Neo · February 13, 2020, 4:07am

Yes, most of the DB tables (99 percent) are MYISAM tables, especially the larger ones.

I don't have SAN.... The SCSI disks are directly attached in the box.

Neo · February 13, 2020, 5:12am

Just spiked again.... nearly exactly Thursday, February 13, 2020 10:02 AM UTC to Thursday, February 13, 2020 10:03 AM UTC, (5PM my time) just a one minute spike hit. Instrumentation shows no cron or batch-like processing. Only MySQL, Apache, etc (LAMP) and nothing "traceable" in the application:

hicksd8 · February 13, 2020, 5:25am

sar I agree is a good idea. Does the CPU spike coincide with an I/O spike??
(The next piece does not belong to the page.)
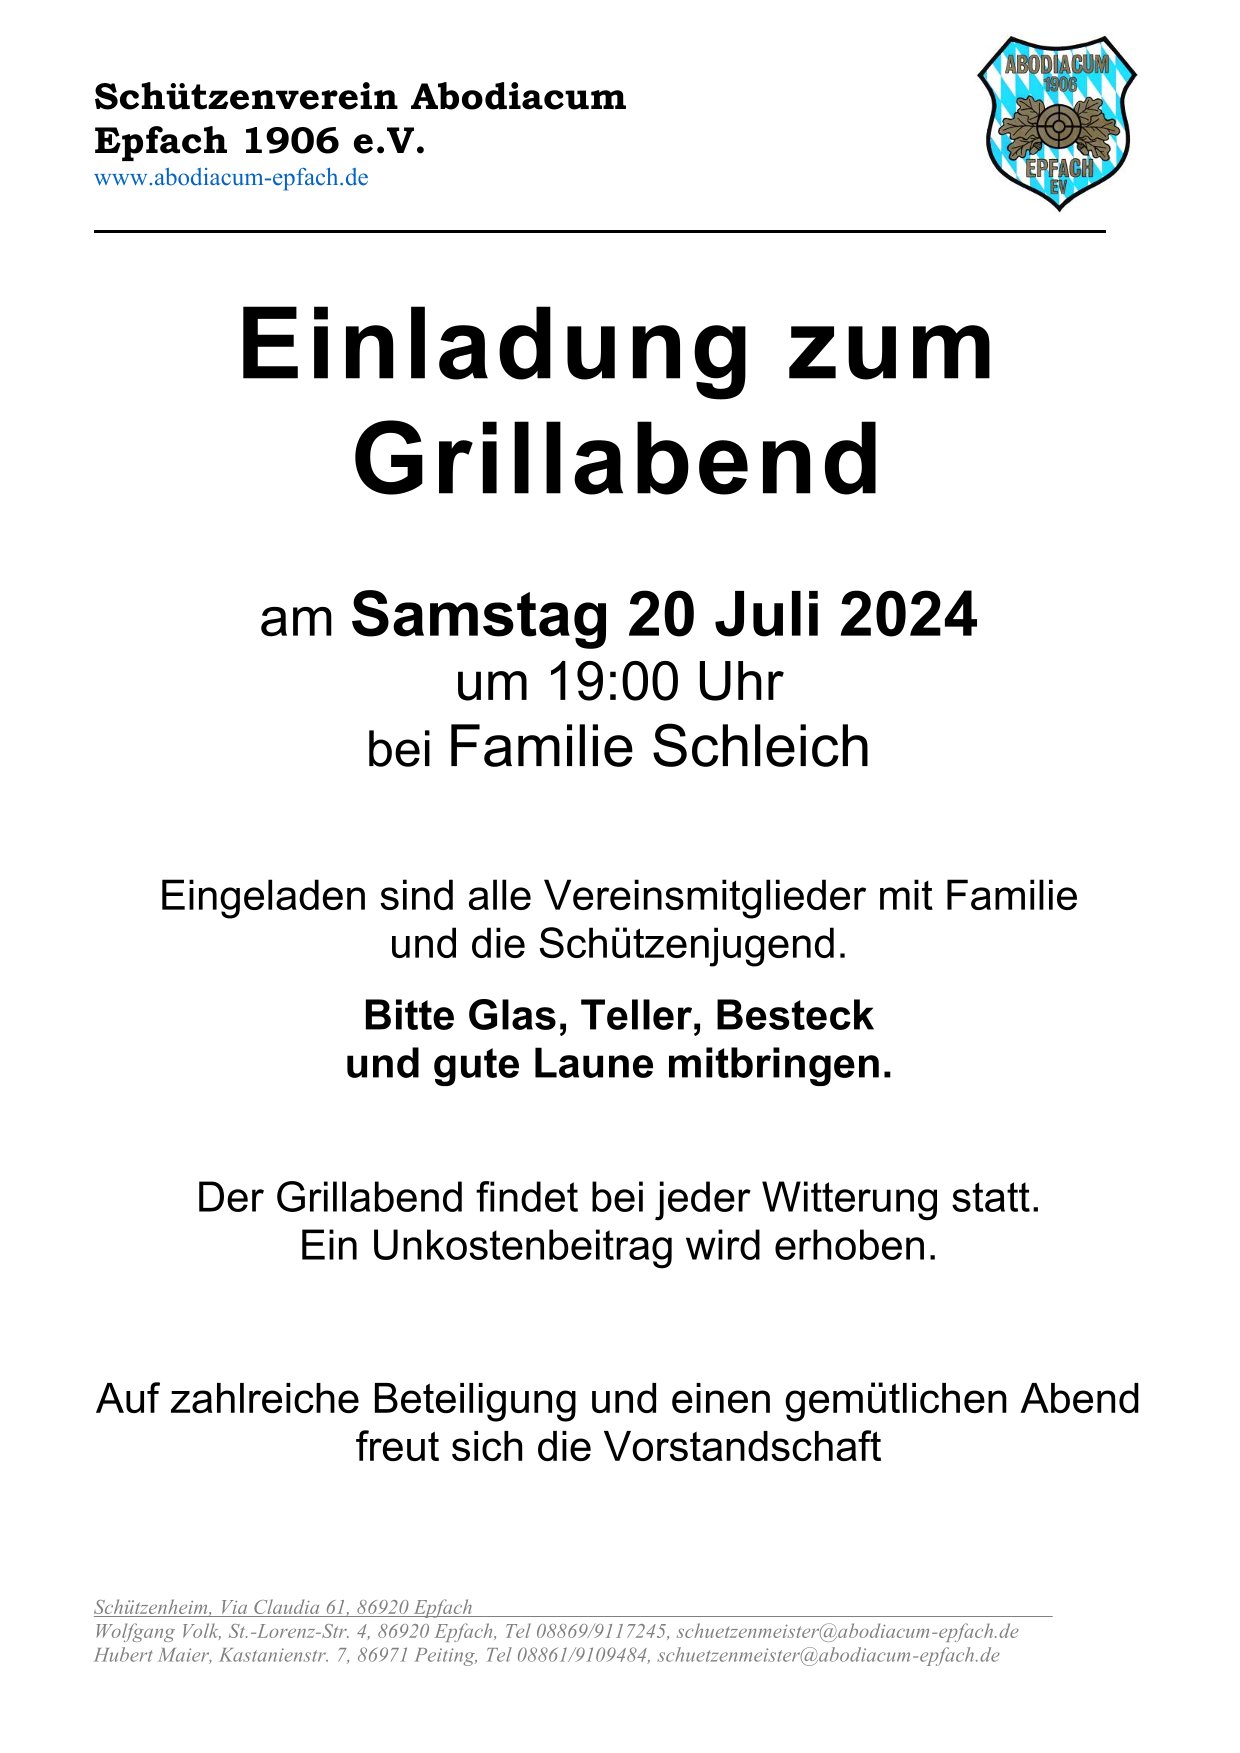 Einladung_zum_Grillabend-2024.jpg

In my experience this is likely to be kernel element feature. For example, are you watching the cron process itself because, as you will know, this wakes up periodically (and the regularity varies from kernel to kernel, somewhere between 4 and 24 hours) to integrity check its cron table cache in memory against the crontabs on disk. If there's a lot of cron jobs this process takes a short while.
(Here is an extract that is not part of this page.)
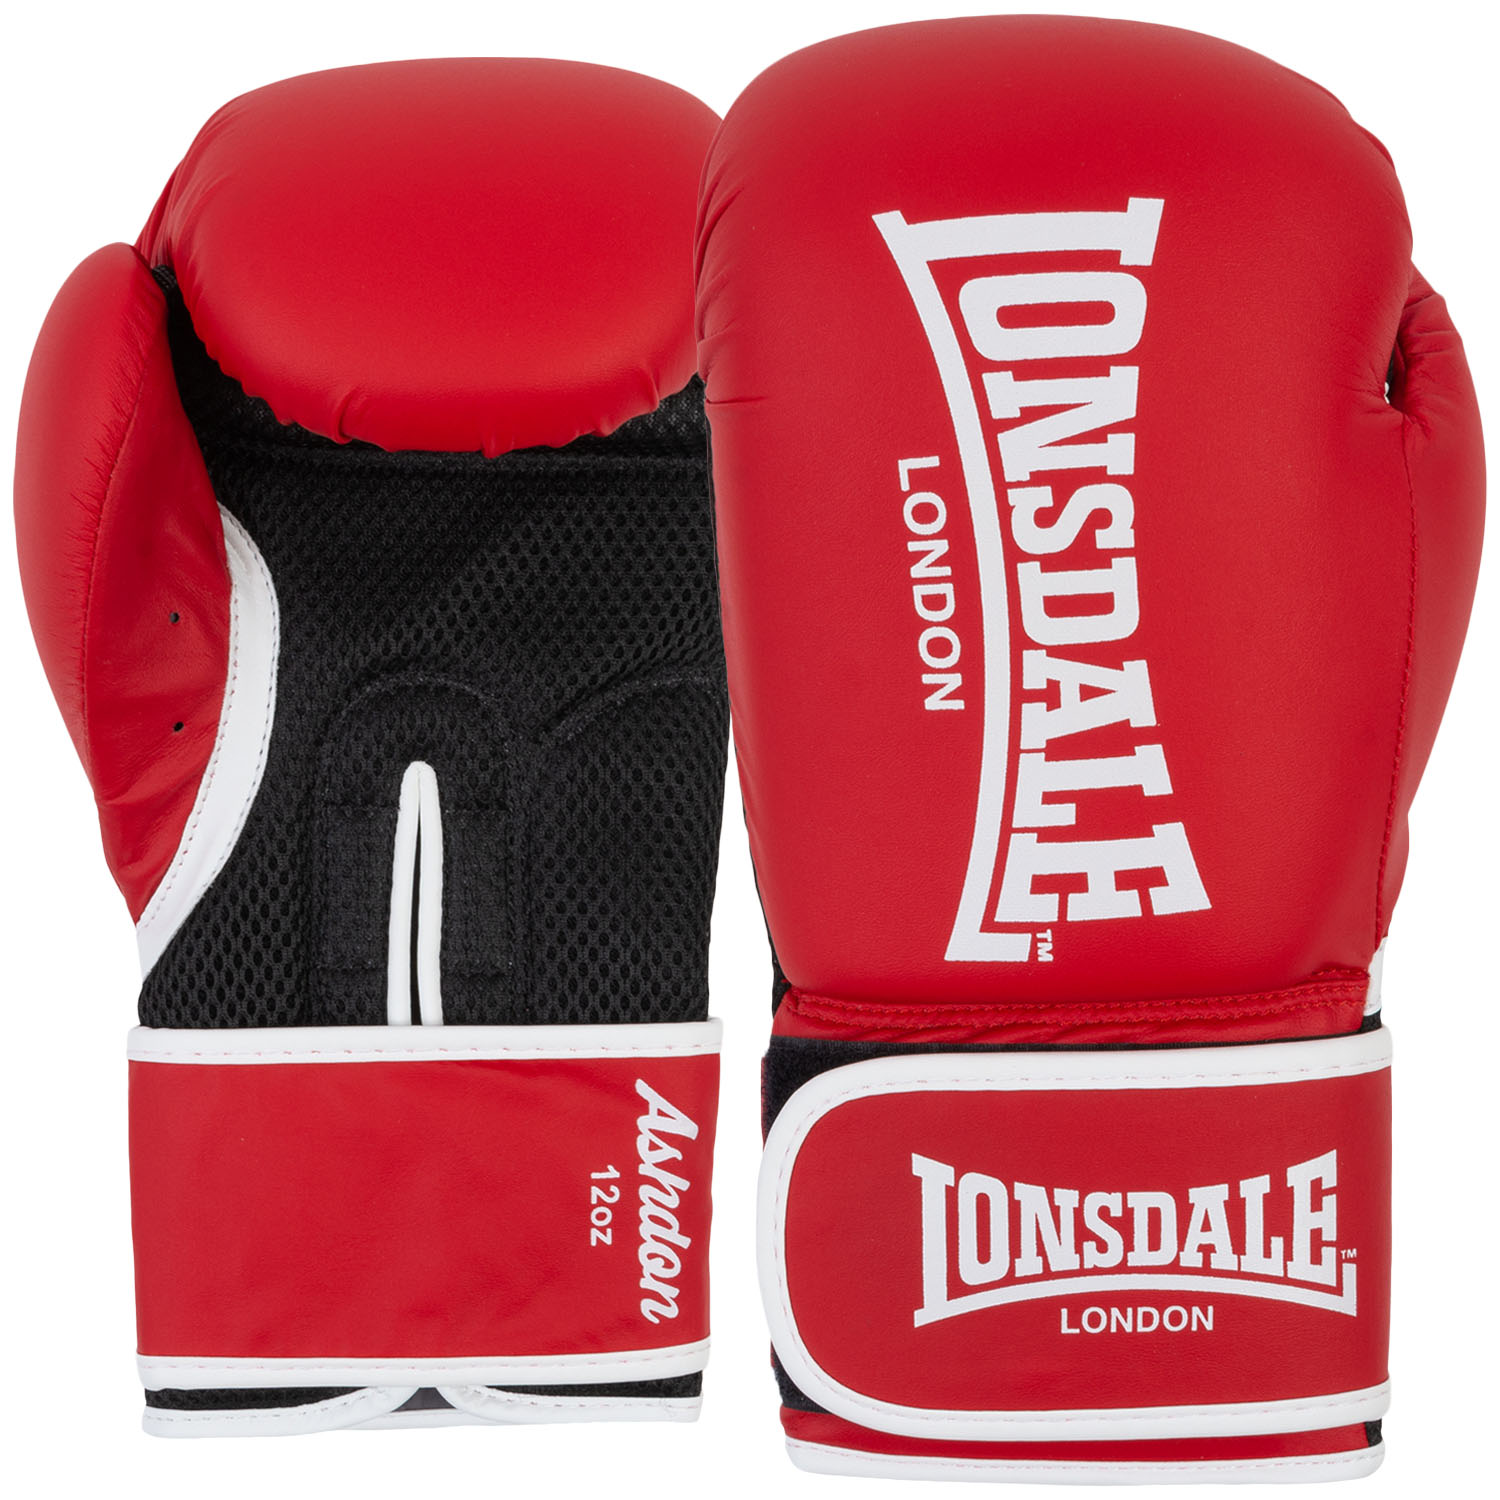 Lonsdale Boxing Gloves, Ashdon, red-white, 12 Oz

So question is are you checking the cron process itself and not just cron jobs scheduled to run?

The above is a sheer guess.

Neo · February 13, 2020, 5:36am

Hi Dennis,

No. I have mentioned this a number of times already, including the first post . There are no network I/O spikes.

Regarding disk I/O, I have not yet set up any instrumentation to attempt to correlate disk I/O to the spikes.

hicksd8 · February 13, 2020, 5:49am

So sar as suggested is a good idea because it might tell you that.

Neo · February 13, 2020, 5:55am

Agreed...

I think I will try iostat or iotop during anticipated spike periods (if I can predict one, LOL)

Or I will write some code to instrument this when the spike happens and try to trap the causal process that way.